Xymon client doesn't clean up all of its children
~~ I can't verify on other OSes right now, so I'm hoping someone can chime in ~~
On FreeBSD when I stop the Xymon client process it doesn't clean up all of its children. Primarily you'll find that the vmstat command is not sent a signal and continues to run ... indefinitely?
As a result, restarting the Xymon client leaves vmstat processes around that really should not be there. I'm working around this right now, but is it possible this is being seen on other platforms and it's a bug in the client shutdown code?
Thanks!
On 2/26/2015 9:14 AM, Mark Felder wrote:
~~ I can't verify on other OSes right now, so I'm hoping someone can chime in ~~
On FreeBSD when I stop the Xymon client process it doesn't clean up all of its children. Primarily you'll find that the vmstat command is not sent a signal and continues to run ... indefinitely?

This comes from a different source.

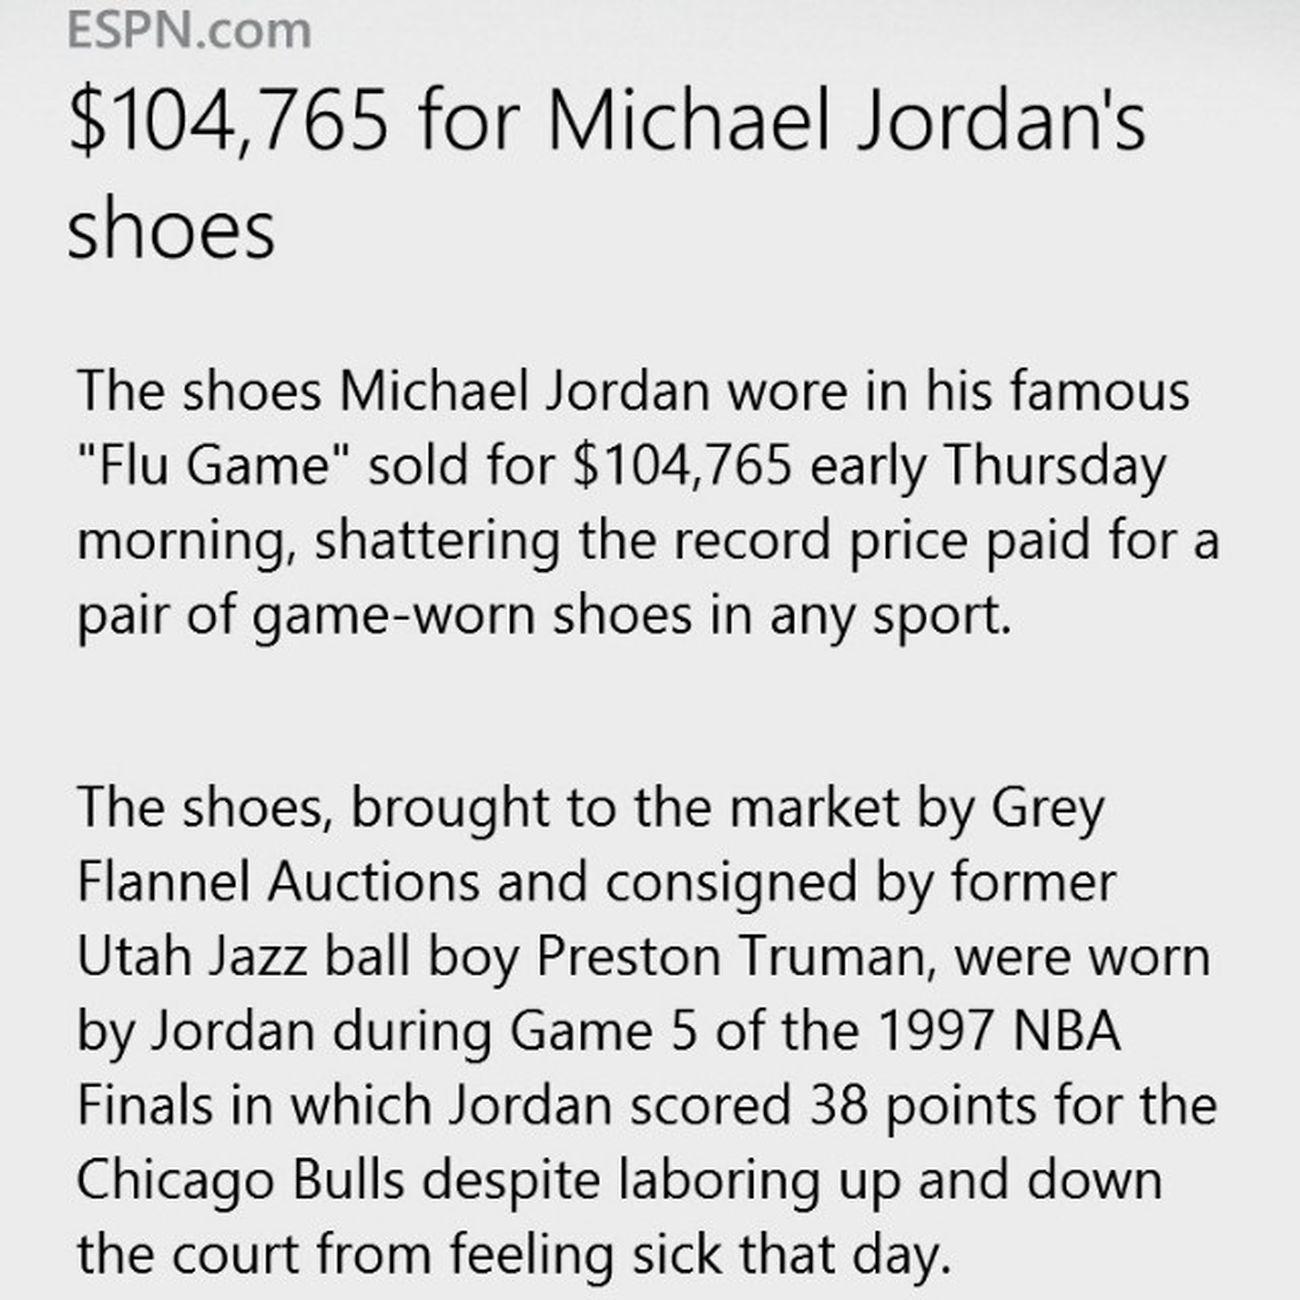 Yrflifestyle Mj Jordan Michaeljordan Chicago Bulls Flugame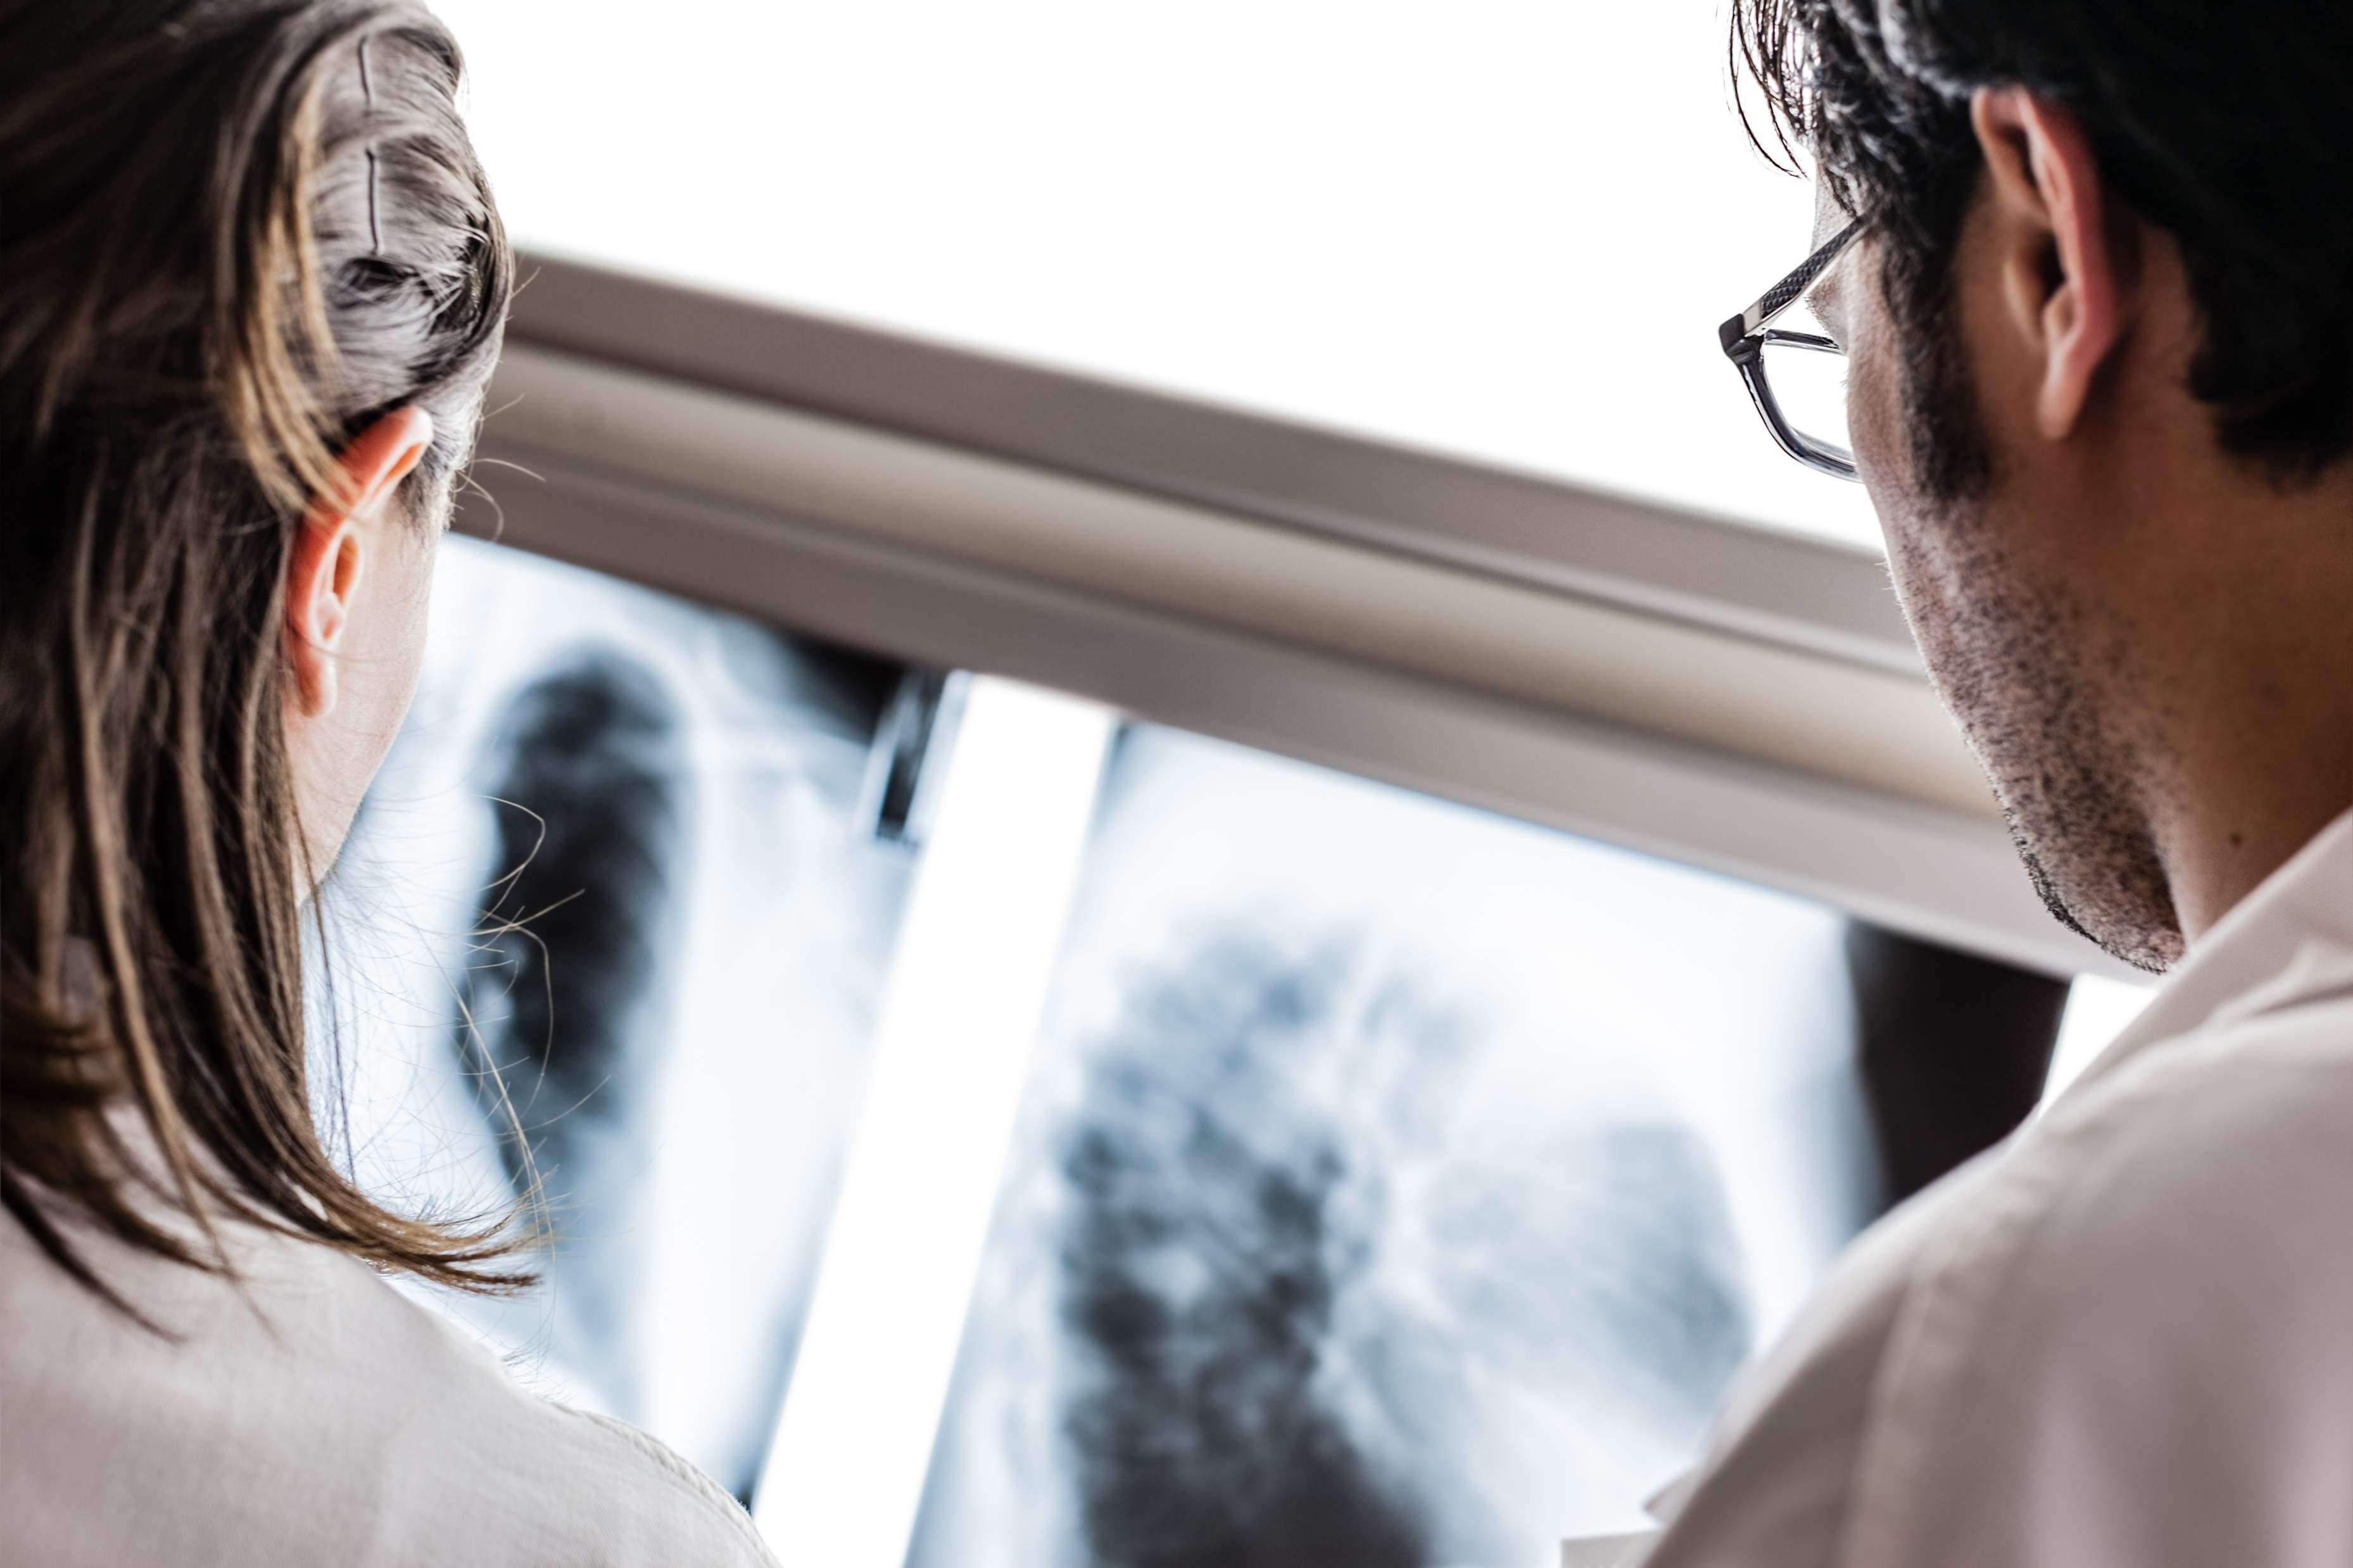 diagnostic-radiography-E9QA5MC

I have observed this behavior on Solaris, but the vmstat does eventually disappear. It does not run forever.
-- Do things because you should, not just because you can.
John Thurston 907-465-8591 John.Thurston at alaska.gov Enterprise Technology Services Department of Administration State of Alaska
However, the result is that you can't do a restart on Solaris 10 with SMF if you are using vmstat. I have patched my scripts on Solaris to kill the child processes.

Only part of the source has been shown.